We thank Dr. Evans for his interest in our report.1 Dr. Evans suggests that randomized prospective trials have shown definitively that development of ipsilateral breast tumor recurrence (IBTR) is a marker of risk for (and not a cause for) distant metastasis. We believe that, based on the results of existing trials, the question remains unanswered. Randomized trials have shown that radiotherapy significantly decreases IBTR after breast-conserving surgery;2–5 however, most of those studies were designed to evaluate the effect of radiation on the rate of IBTR as the primary endpoint and, thus, were not statistically powered to address the survival question. Although, in the Swedish trial, the decrease in IBTR did not translate into a decrease in distant metastases in the radiation therapy arm, in the Scottish trial, there was a trend toward fewer distant metastases in the irradiated group.4, 5 Furthermore, in the Ontario Clinical Oncology Group trial, a statistically significant increase in the relative risk for distant recurrence among patients who did not receive radiotherapy was observed (relative risk, 1.4; 95% confidence interval, 1.07–1.8; P = 0.01).3 However, the Ontario study also was not designed specifically to determine the effect of radiotherapy on distant metastases. Therefore, we cannot exclude the possibility that this result is biased due to the precipitation of screening for distant metastases by IBTRs. Finally, the Milan trial noted a poorer 10-year overall survival in patients with positive lymph nodes who were randomized to undergo quadrantectomy alone compared with quadrantectomy plus breast irradiation (34.1% vs. 19.3%, respectively; P = 0.038).6 The increase in deaths likely was due to the higher rate of locoregional recurrence in the group that did not receive radiation.
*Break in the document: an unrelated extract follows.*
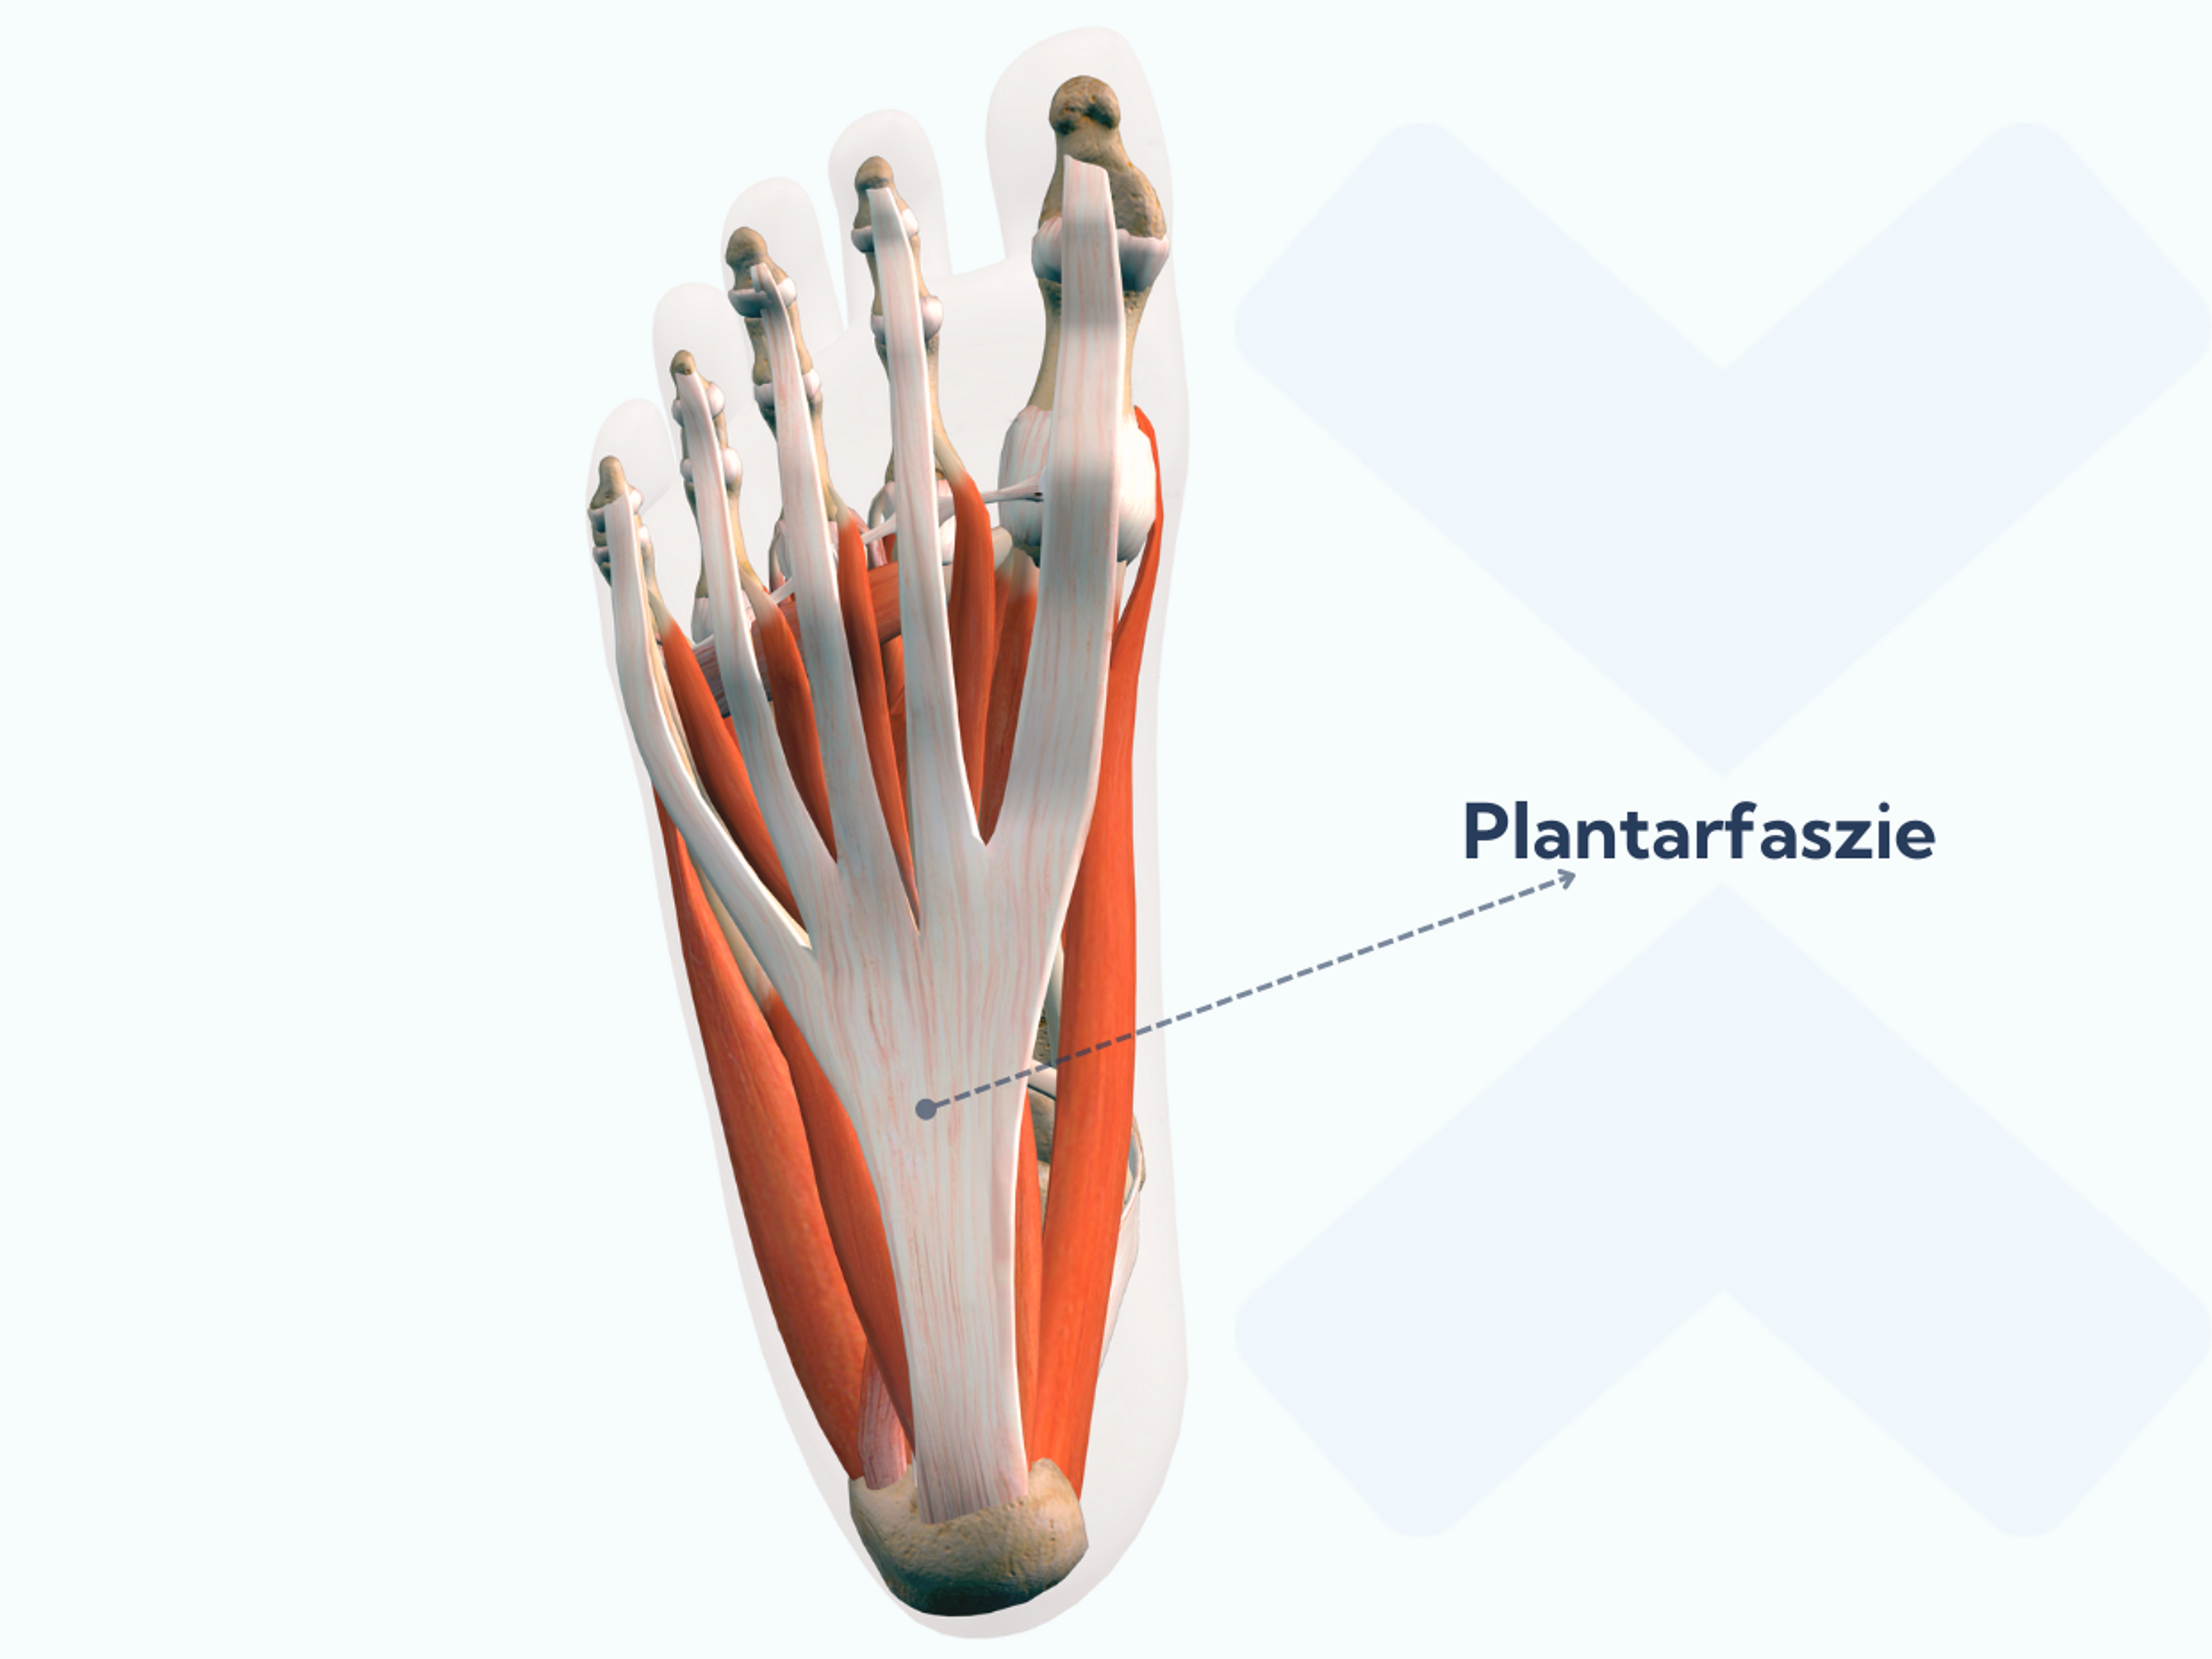 Die Ursachen der Plantarfasziitis liegen in der Anatomie: Die Plantarfaszie verläuft auf der Fußunterseite vom Fersenbein bis zu den Zehen.

Biologically, it would be difficult to argue that malignant cells in the primary tumor can metastasize and that malignant cells in the recurrent tumor cannot. Metastases arise from the spread of malignant cells from the primary tumor site and the formation of new tumors in distant sites. The metastatic process consists of series of steps that need to be completed successfully. First, the malignant cells at the primary site need to develop access to the circulation, either through the circulatory blood system or through the lymphatic system. Then, the malignant cells need to survive in the circulation. Next, the circulating cells need to arrest in a new organ and extravasate into the new tissue. Finally, the cells need to initiate growth in the new tissue and eventually establish vascularization to sustain the new tumor. Although the metastatic process overall is quite complex, none of the individual steps appear to be unique for primary tumors, and it appears that a locally recurrent tumor also should be vulnerable to these steps. We agree that IBTR, by definition, is local persistence of a tumor. In patients who have received radiation, it is possible to speculate that, through clonal selection, these tumor cells may have accumulated further genetic alterations conferring radiation-resistance. Many oncogenes that confer a survival advantage also facilitate one or more steps in the metastatic process. Although the theory that the host can defend against circulating cells until a certain primary tumor burden is reached is interesting, it may be argued that the tumor already has escaped host defense mechanisms by recurring. Further study is needed to define the molecular alterations in primary tumors and local recurrences. However, based on our current understanding of biologic principles, it is predictable that an IBTR would have a more aggressive phenotype with a metastatic advantage.
Most studies to date have reported that IBTR after breast conservation is associated with an increased risk of distant metastases and poorer survival.7–11 Although it is very likely that patients at higher risk of systemic recurrence also are at risk for IBTR, the data are not sufficient to exclude the possibility that a portion of patients who initially are rendered free of distant disease subsequently develop an IBTR and develop a subsequent distant metastasis from the IBTR. The importance of negative surgical margins for local tumor control and survival has been documented repeatedly for several other tumor types, including sarcoma, pancreatic cancer, and rectal cancer.12–16 Because that is the case, we strongly believe that the ‘conservative’ strategy is to be aggressive about local control in breast cancer therapy.